Frank najdroższy od „czarnego czwartku”. Frankowicze zapłacą wyższe raty
Złe wieści dla wszystkich, którzy posiadają kredyty mieszkaniowe w szwajcarskiej walucie. Frank najdroższy od „czarnego czwartku”, czyli od 2015 roku. Rekord padł 17 marca w południe.
Frank najdroższy od „czarnego czwartku”
Tak wysoko frank szwajcarski nie był od 5 lat. Sytuacja osób, które wzięły kredyt we frankach, w ostatnim czasie zmienia się niezwykle dynamicznie.
Jeszcze na początku miesiąca Szwajcarski Bank Narodowy interweniował, aby osłabić helwecką walutę, a za franka trzeba było wtedy zapłacić około 4,03 zł.
W ostatnich dniach kurs franka systematycznie idzie w górę i bije kolejne rekordy.
We wtorek kurs franka po raz pierwszy od tzw. „czarnego czwartku” przekroczył 4,25 zł.W południe 17 marca osiągnął rekordowo wysokie 4,26 zł.
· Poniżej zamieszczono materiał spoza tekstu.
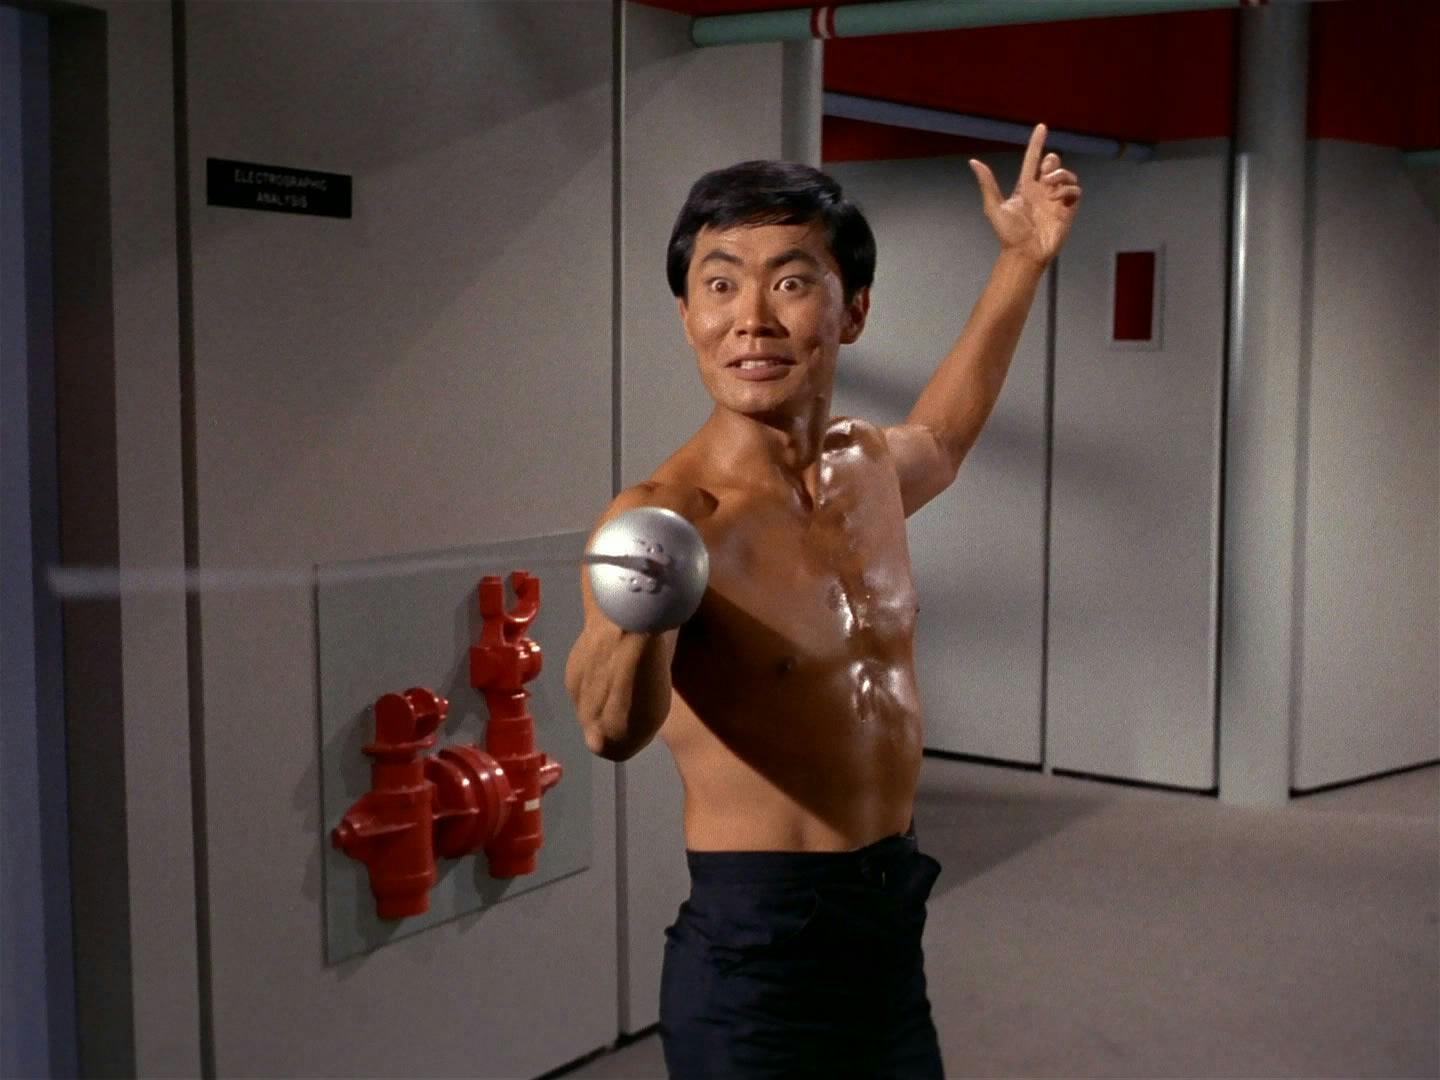 A shirtless Sulu brandishes a fencing sword

To oznacza wzrost o niemal 8 proc. w stosunku do stanu z początku roku.
Raty kredytów coraz wyższe
Jak czytamy na strefainwestorow.pl, według głównego ekonomisty MS Brokers Konrada Białasa, obecny strach na rynkach i niepewność o ekonomiczne skutki wywołane koronawirusem pcha inwestorów do bezpiecznej przystani jaką jest frank szwajcarski.
Mówiąc prościej, inwestorzy z całego świata wyprzedają co się da, a kupują franki, uznawane za swego rodzaju „bezpieczną przystań” w niepewnych czasach. Stąd rosnąca pozycja waluty.
Obecna cena szwajcarskiej waluty dla frankowiczów oznacza jedno: raty kredytów będą najwyższe w historii!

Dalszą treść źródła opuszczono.